Beyond Bouma's window: How to explain global aspects of crowding?
Fig 9
a. The input is sampled at each grid position by neurons tuned to 12 orientations, mimicking V1 simple cells. b. The connectivity pattern between cells depends on their relative position and orientation as shown here. Solid lines indicate excitation and dashed lines indicate inhibition. As shown, each neuron excites aligned neurons and inhibits non-aligned neurons. Each neuron has the same connectivity pattern, suitably rotated and translated. c. Output images for the square category. Each small oriented bar shows the maximally active orientation at this grid position. d. Results for the squares category.

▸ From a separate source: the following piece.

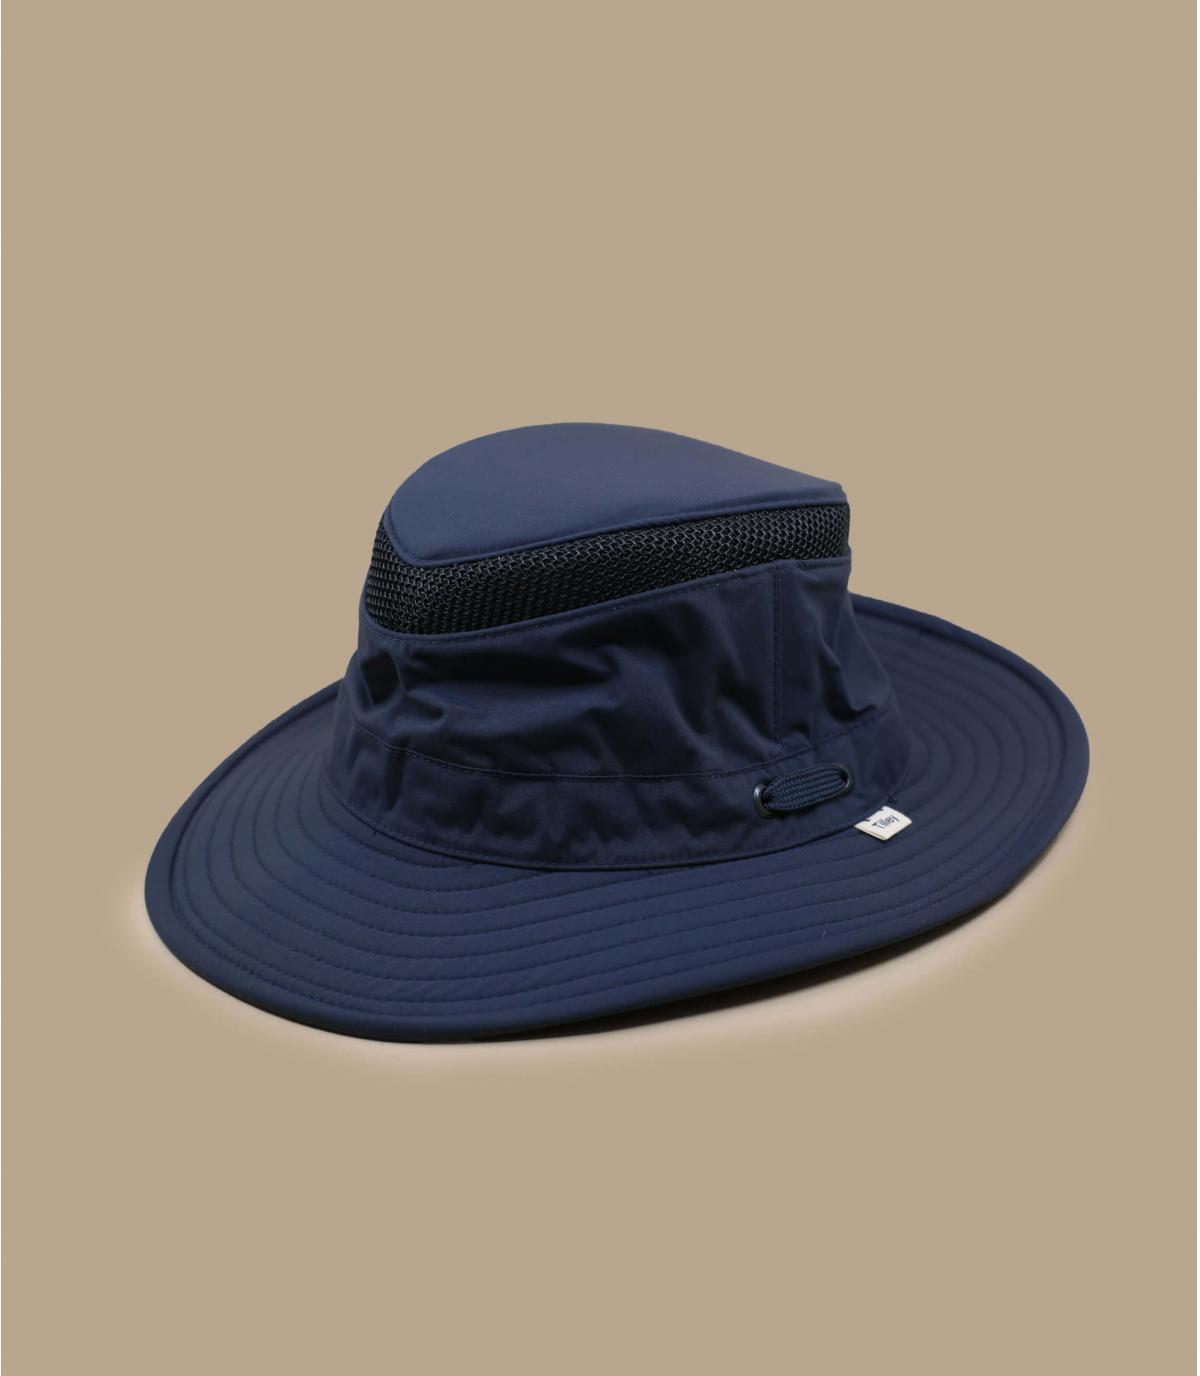 ademende, waterafstotende hoed

The dashed red bar shows the vernier threshold, which is matched for humans and the model. As shown, uncrowding does not occur in the model, because performance is worse for the 7 squares than the 1 square stimulus. Note: the model outputs a cross-correlation quantifying how similar the model output is to the model output in the vernier alone condition (so the higher this cross-correlation, the better the performance). To make comparison with the human threshold easier, we applied the same procedure as we did for the epitomes, i.e., we applied the following monotonic transformation to the output: “threshold-like output” = 1/”raw output”. Then we scaled the result to be in the same range as the human results. This monotonic re-scaling does not change the conclusions–the phenomenon of uncrowding cannot be altered.